While climate activists will have been pleased to have had some recognition of their cause last night, but it did not take long for councillors – sat around a table of single-use plastic cups and plastic water bottles on what used to be the press desk – to return to business as usual.
Flustered and ill-briefed
Just a few minutes later, a resident of Winn Road in Lee, on the borough’s southern border, spoke about a petition they had submitted for more traffic calming measures to prevent rat-running. Most of the road itself is in Lewisham borough, but half the residents are in Greenwich, and they wanted Greenwich to take some action in the small part of the road it controls to slow traffic coming from the A20.
Despite David Gardner’s words about “living streets”, and John Fahy’s declaration that the car was no longer king, council officers’ response was to pass the whole issue to Lewisham.

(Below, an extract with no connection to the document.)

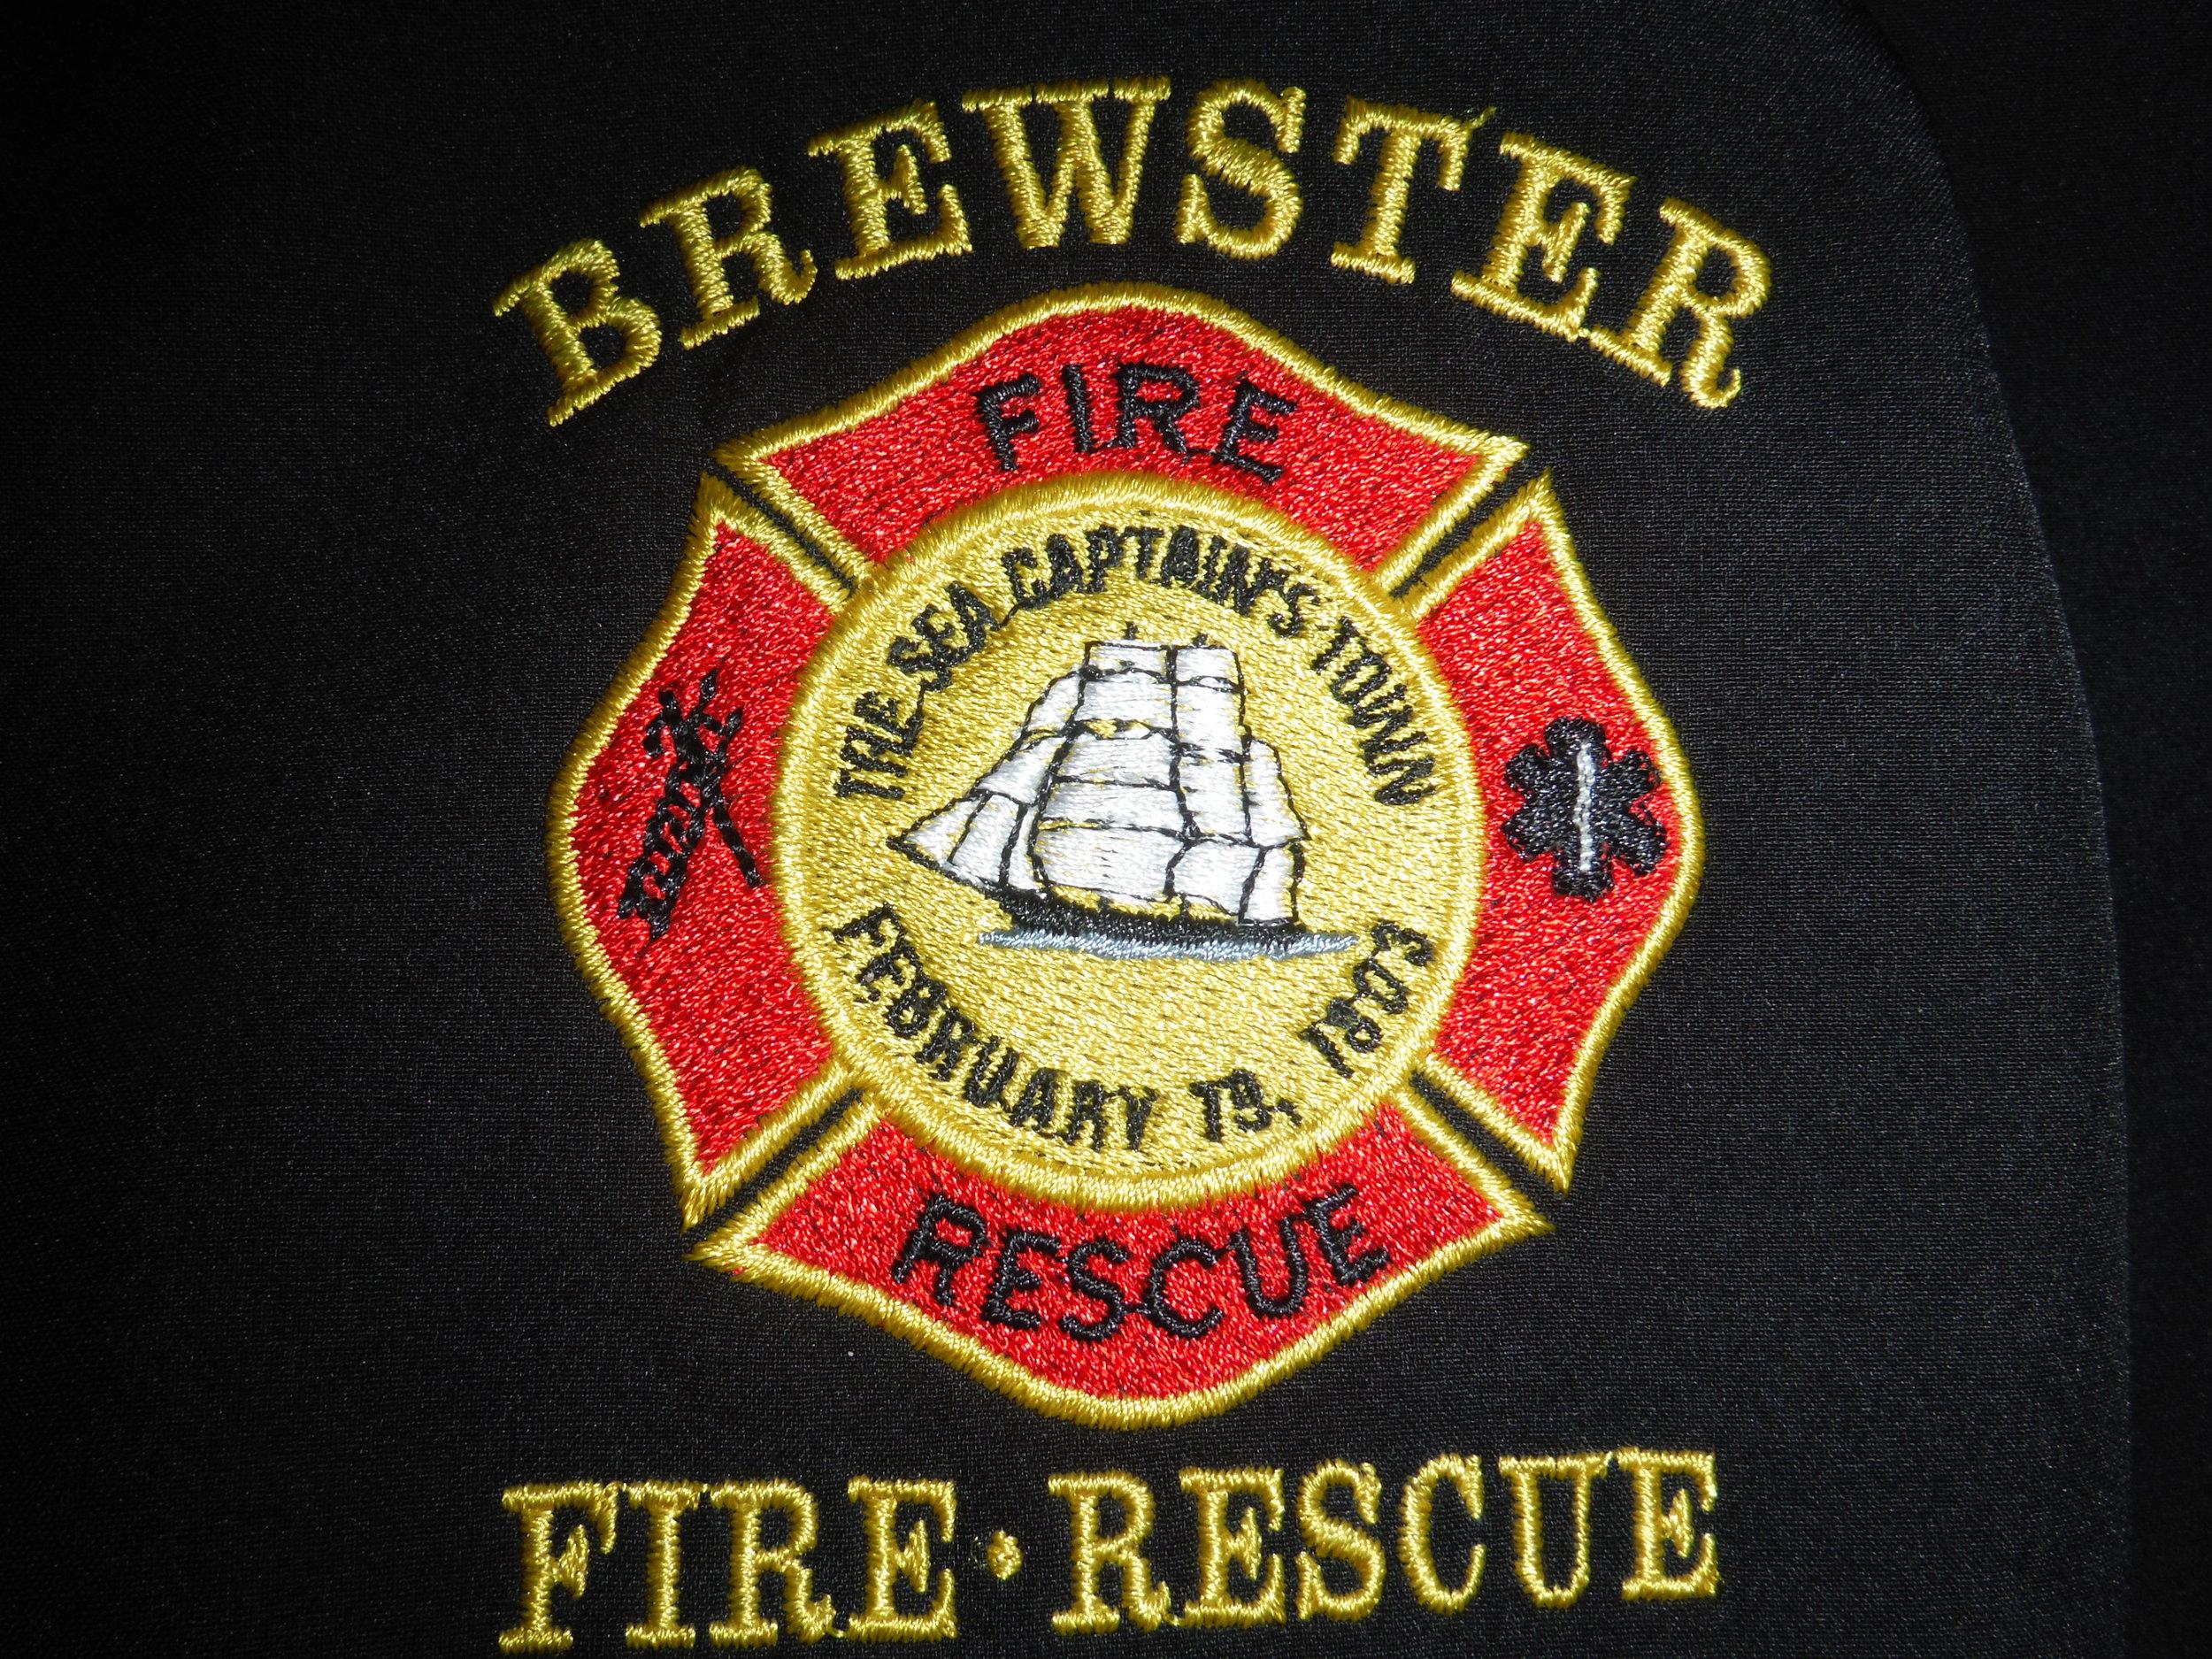 Brewster FD 003.JPG
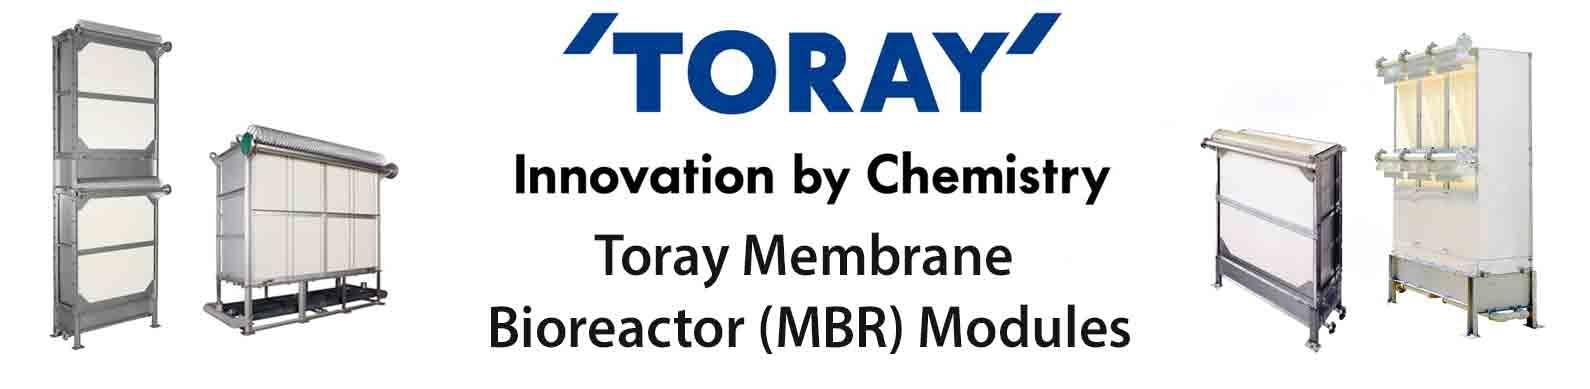 toray-membrane-bioreactor-mbr-modules-banner.jpg

The petitioners’ representatives explained that they were Greenwich residents and they wanted to see it take action on its section of the road, because Lewisham’s measures had been ineffective.
Looking flustered and ill-briefed, Scott-McDonald promised to read up on the issue, but doubled down on the officers’ response that “Winns Road” was in the borough of Lewisham, largely ignoring most of what the petitioners’ representative had to say.
For all the warm words, the biggest stumbling block to Greenwich councillors’ climate emergency appears, as it too often does, to come from Greenwich councillors themselves.